- _Assignment_: Any images in the material are to be dropped while every line is retyped exactly.

- _Supplied data_:
----------
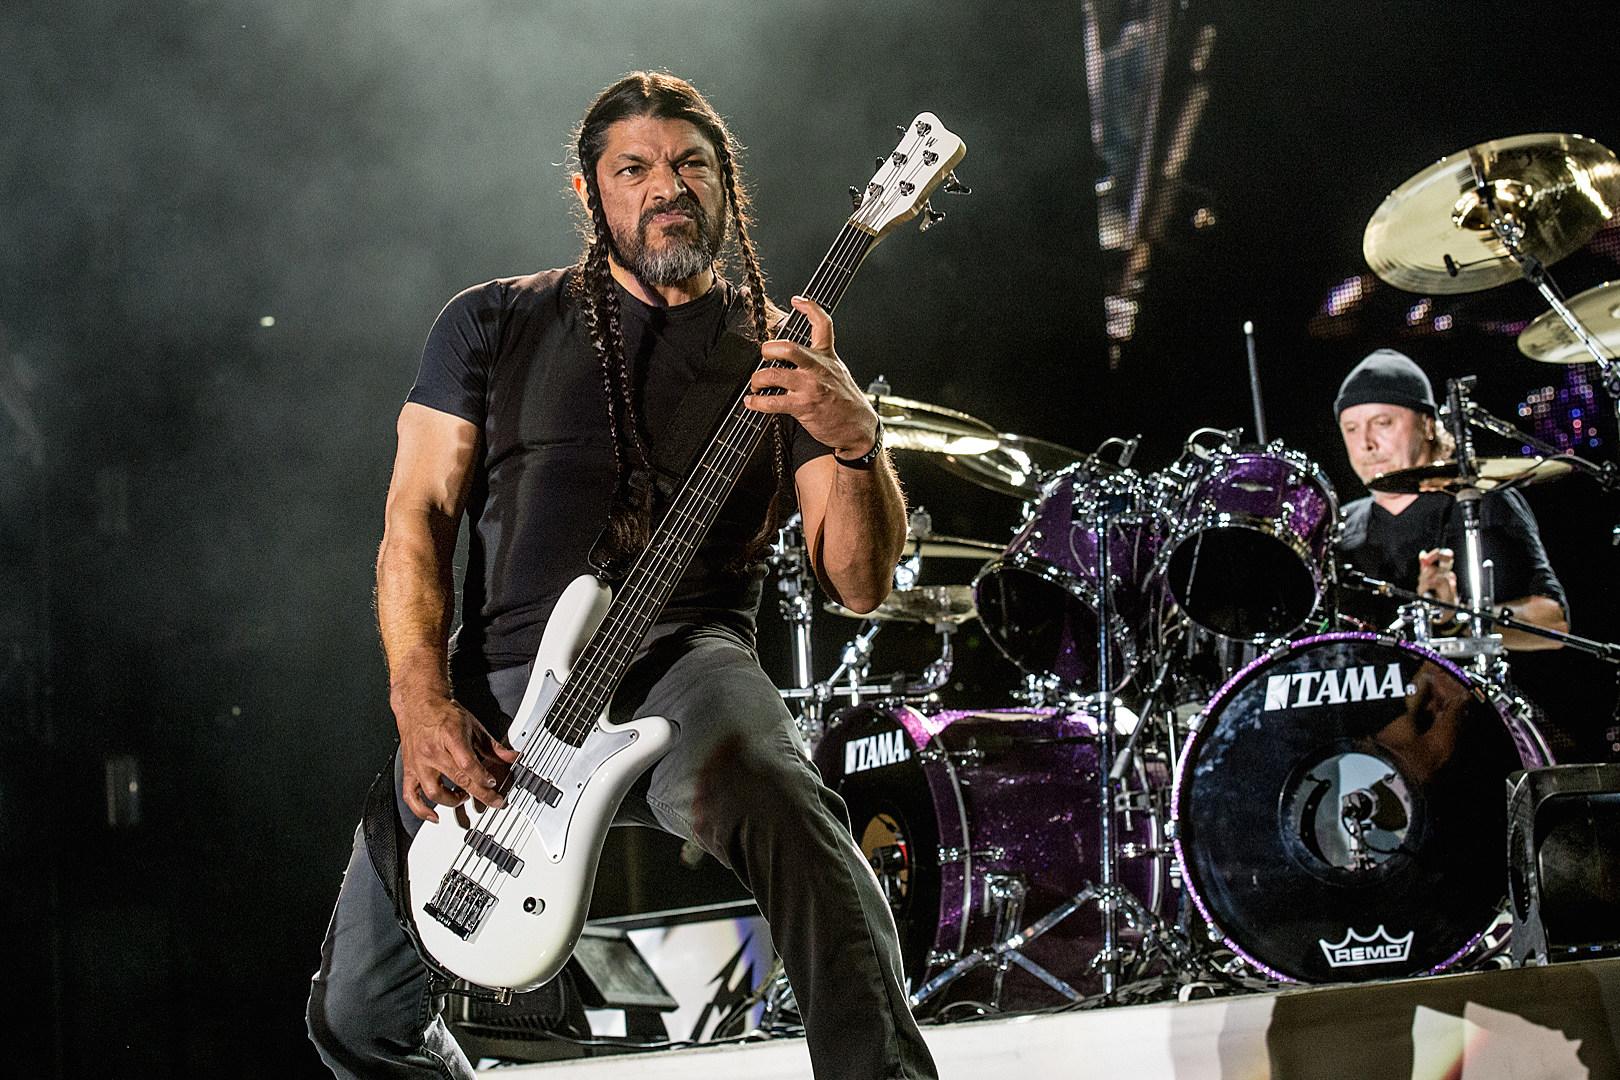 Robert Trujillo on Metallica
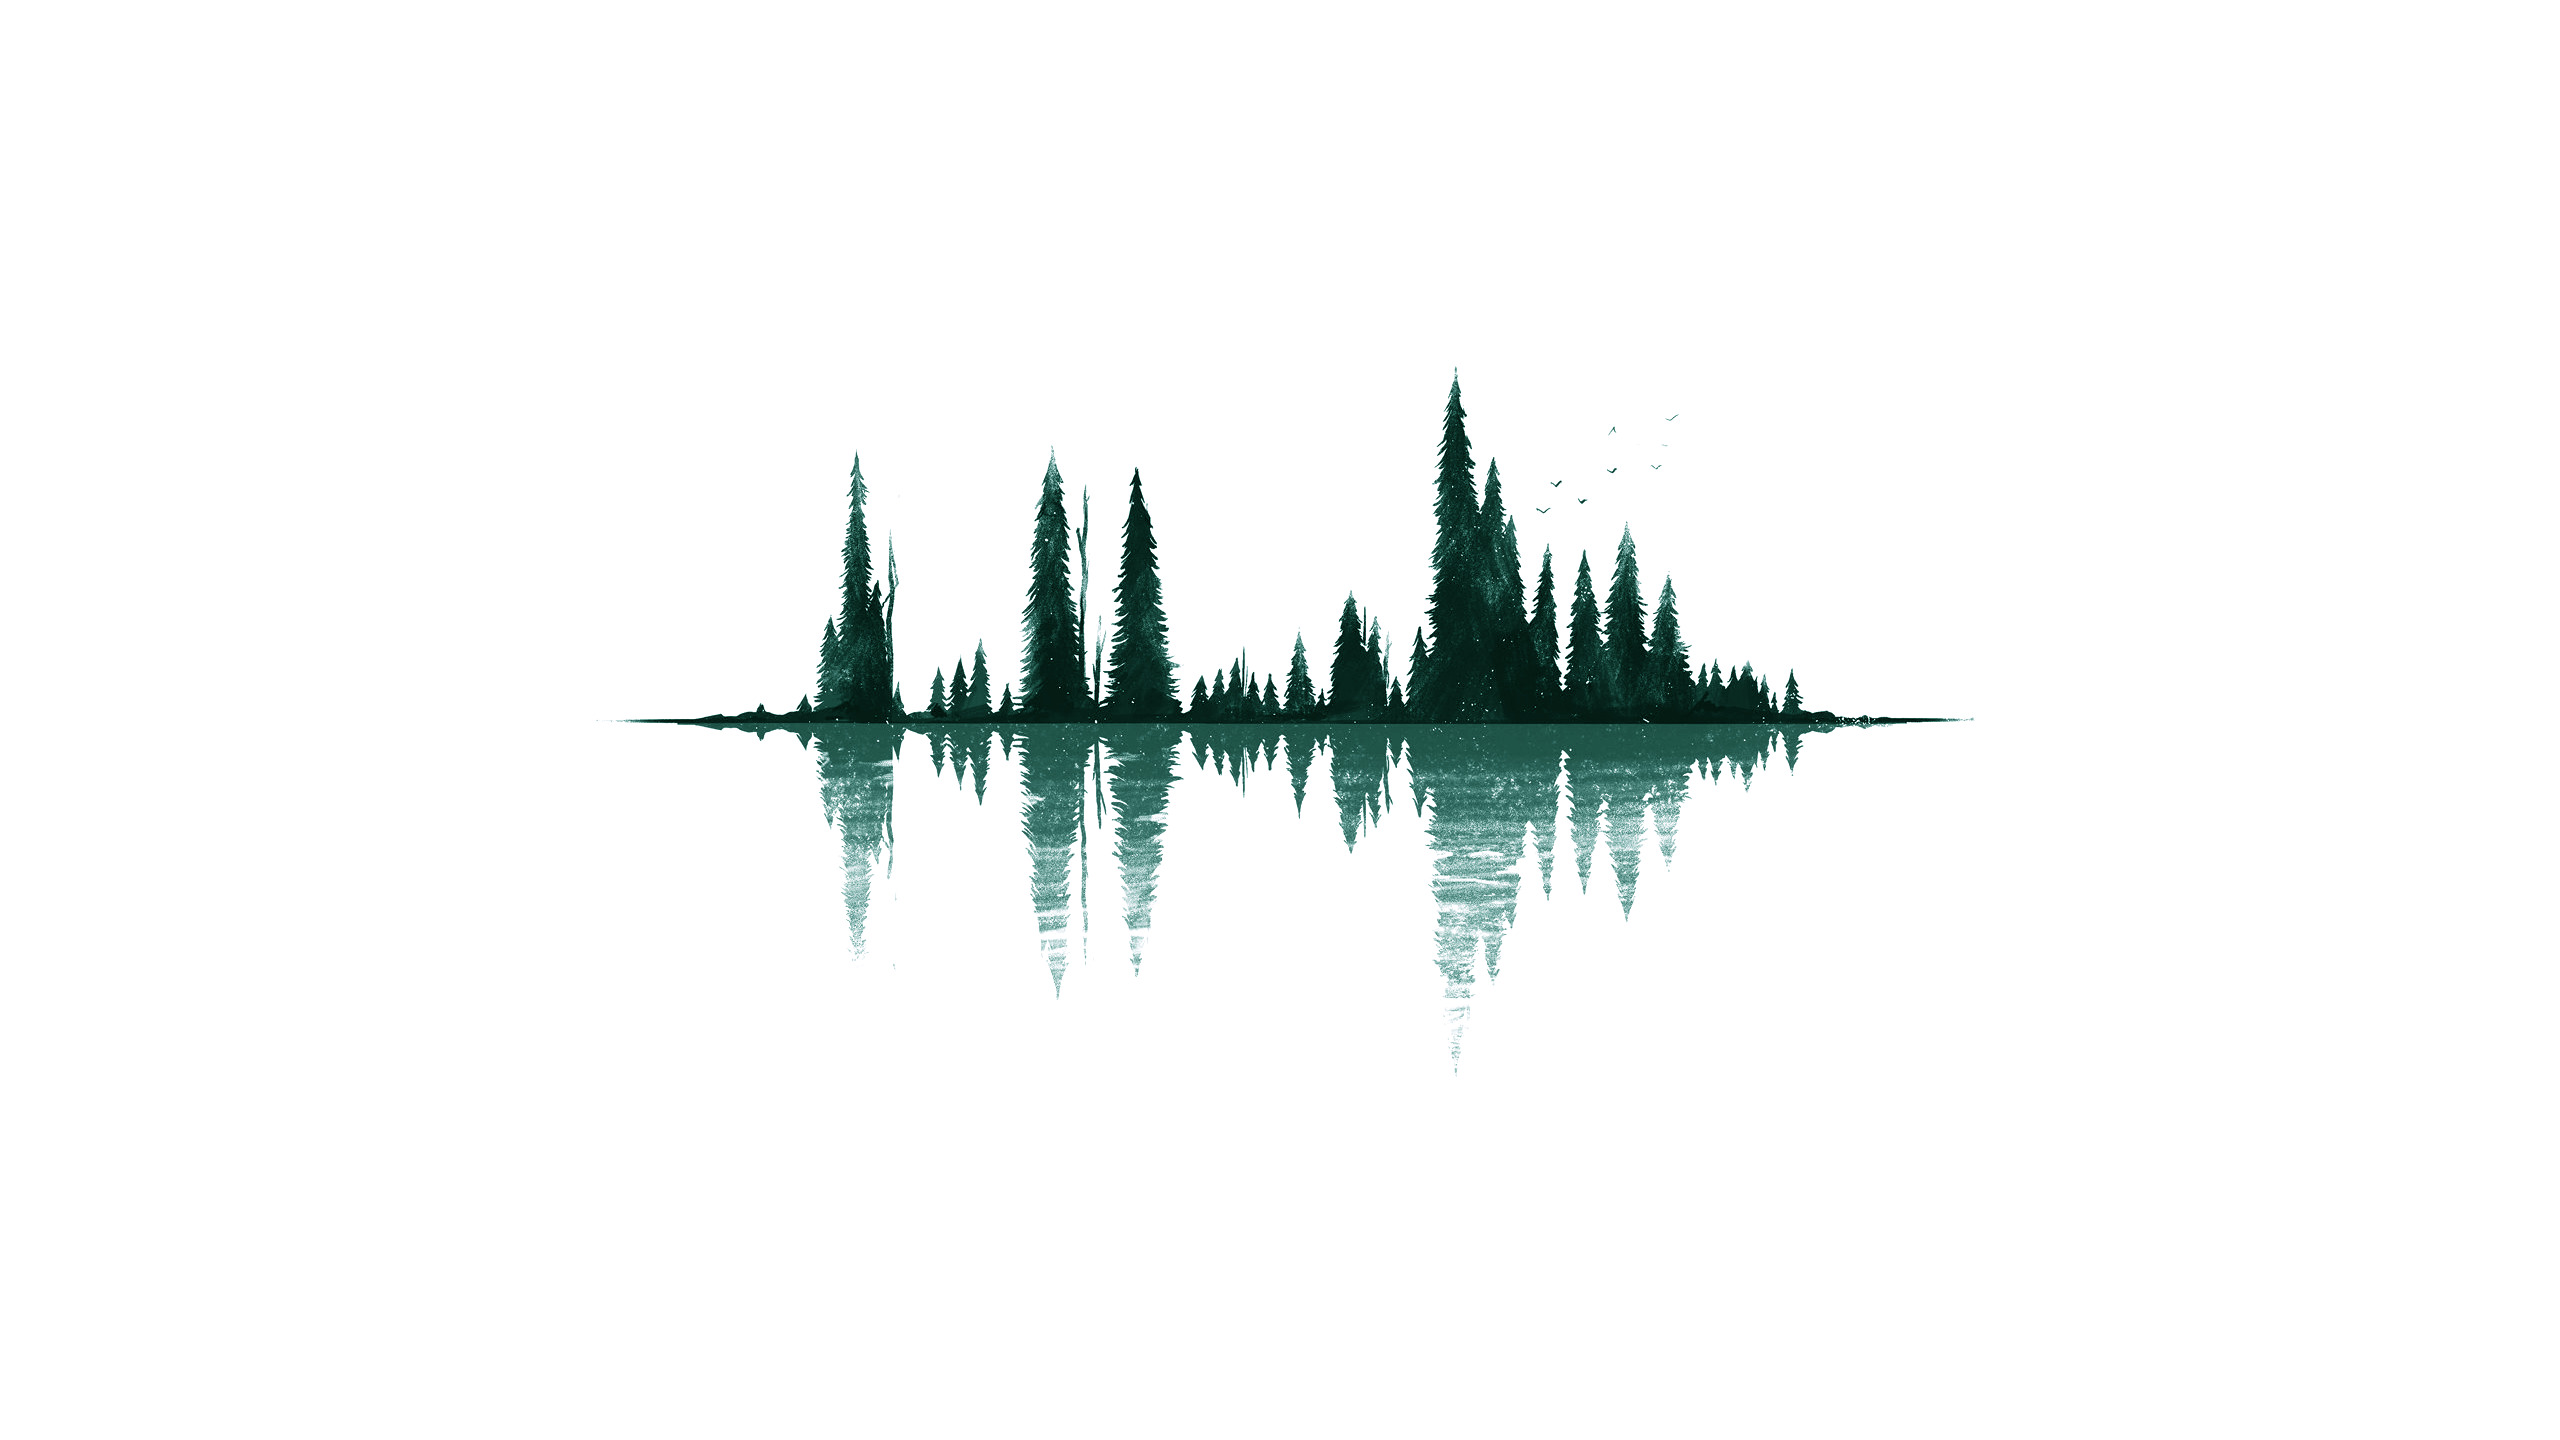 Minimalism, Simple Background, Digital Art, Reflection, - Desktop Wallpaper Minimalist Forest , HD Wallpaper & Backgrounds
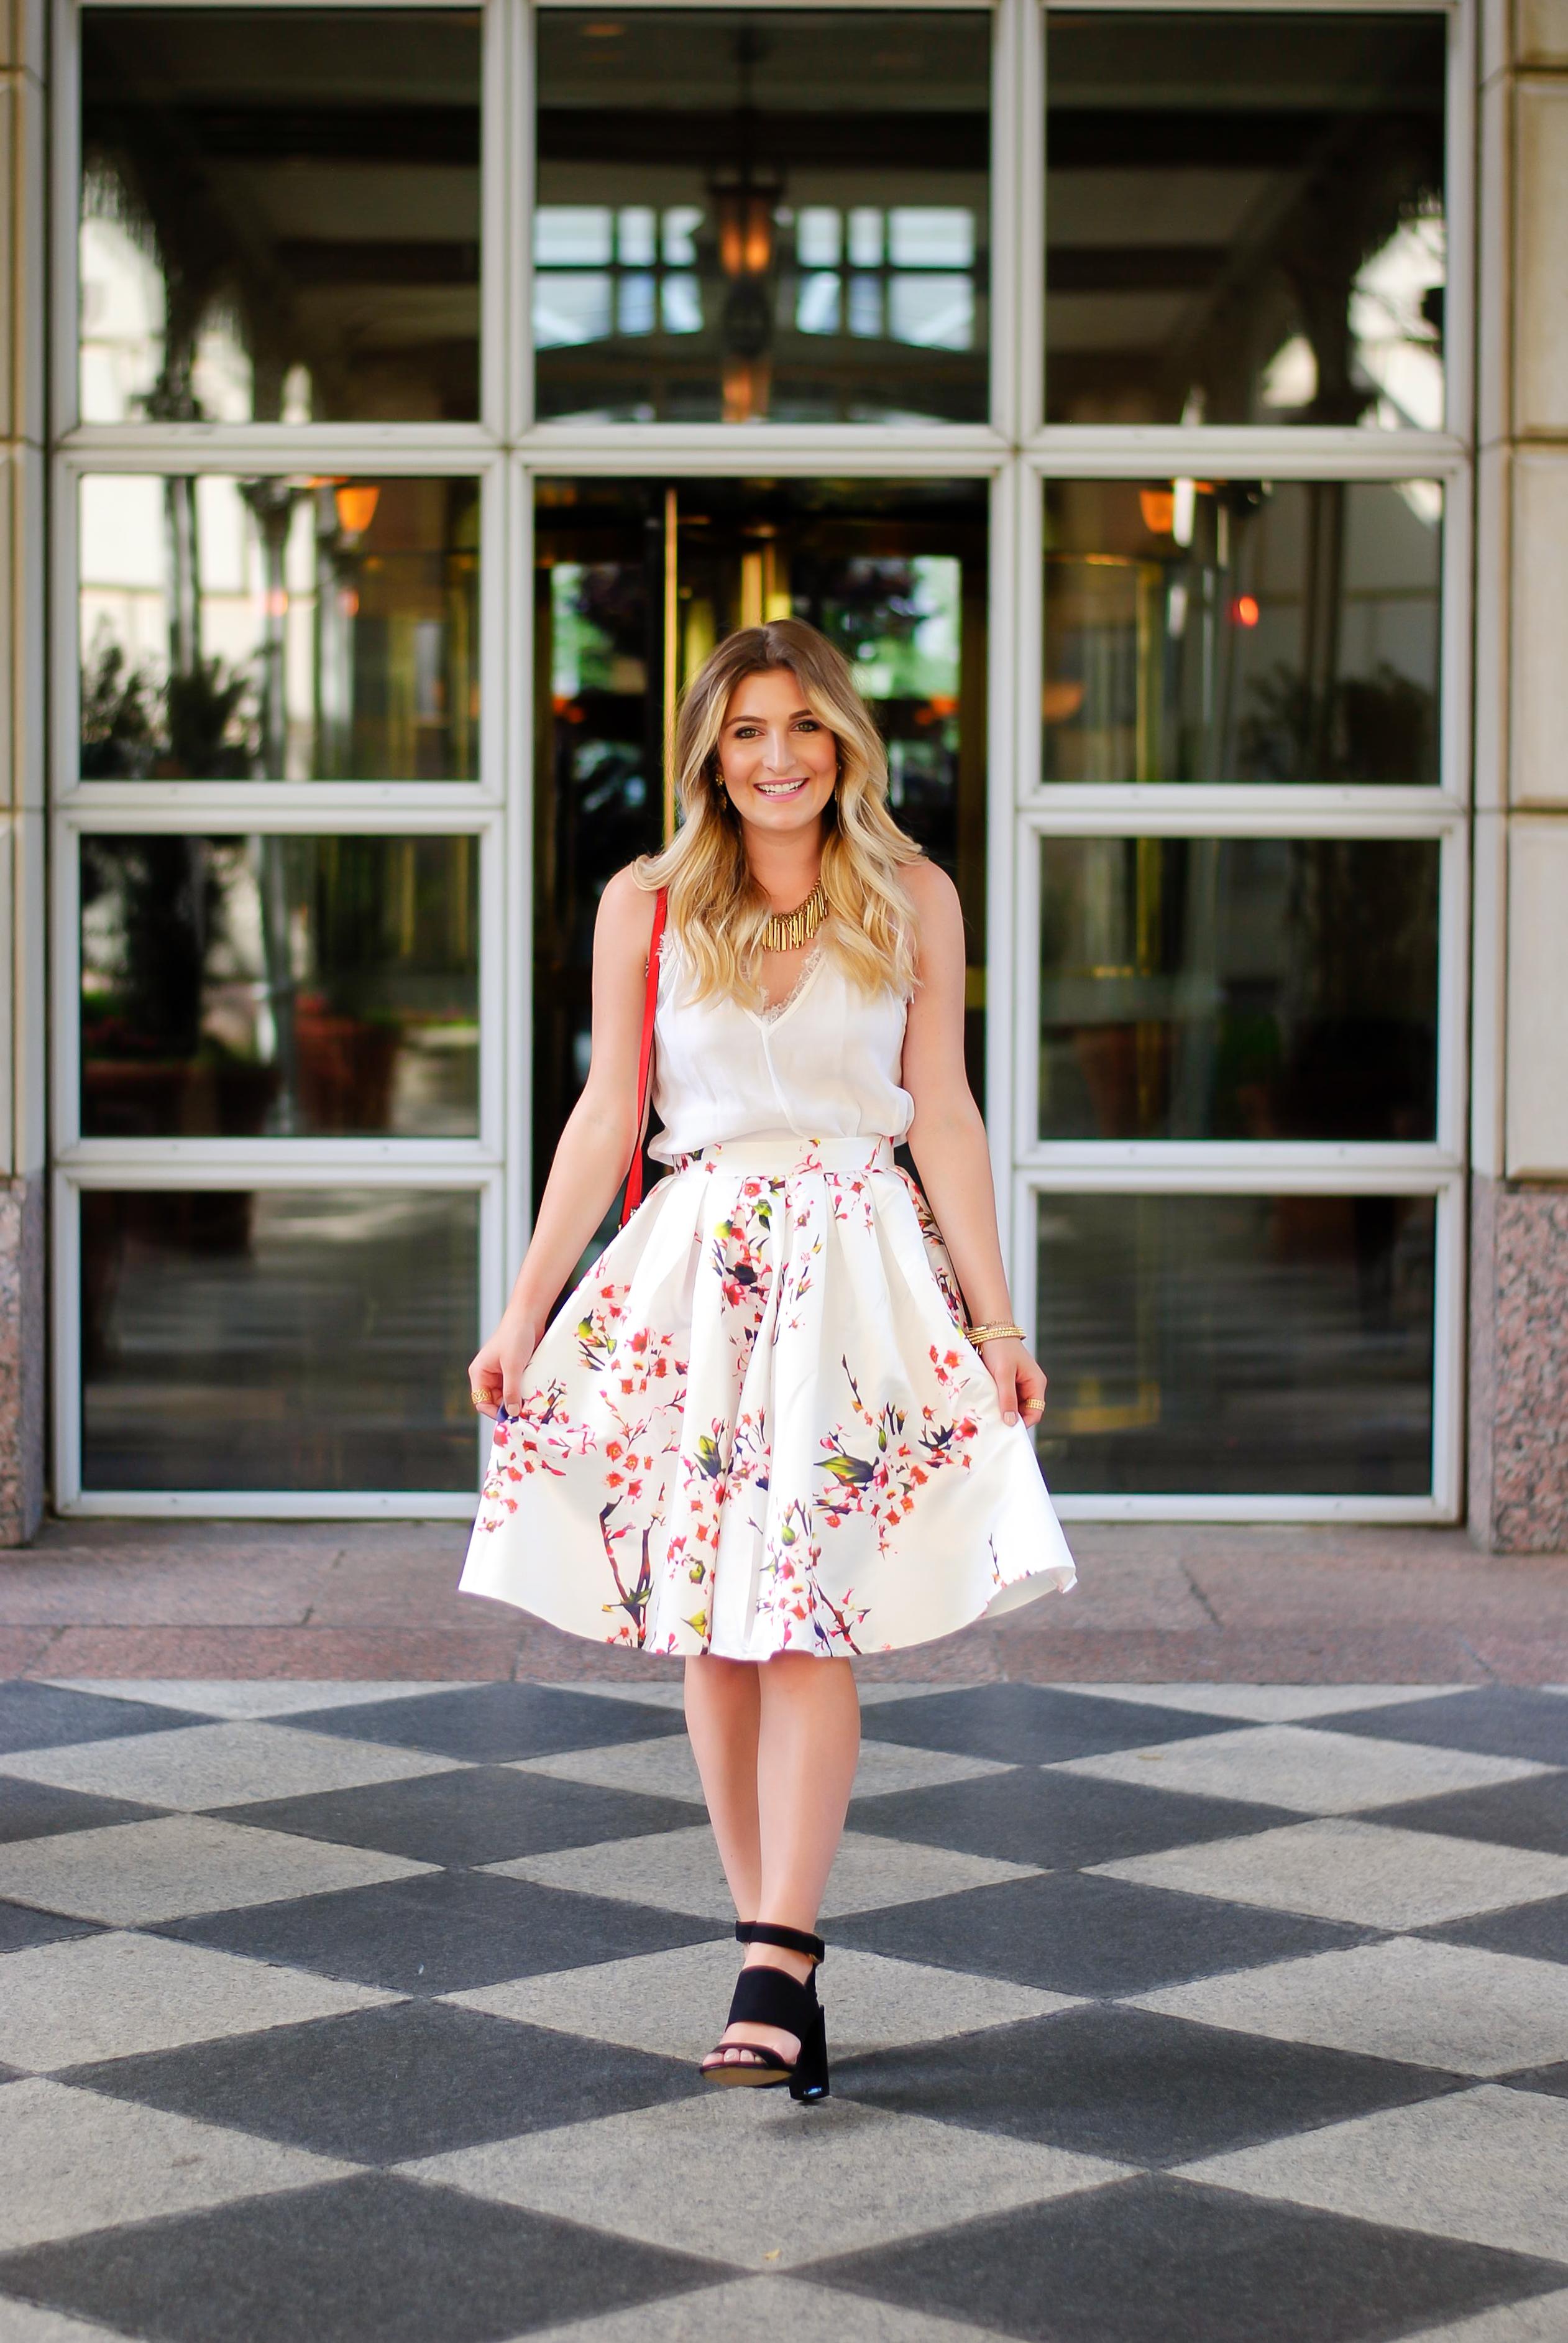 floral summer skirt and light summer top | Audrey Madison Stowe Blog
----------
- _Written solution_:
 Robert Trujillo on Metallica
 Minimalism, Simple Background, Digital Art, Reflection, - Desktop Wallpaper Minimalist Forest , HD Wallpaper & Backgrounds
 floral summer skirt and light summer top | Audrey Madison Stowe Blog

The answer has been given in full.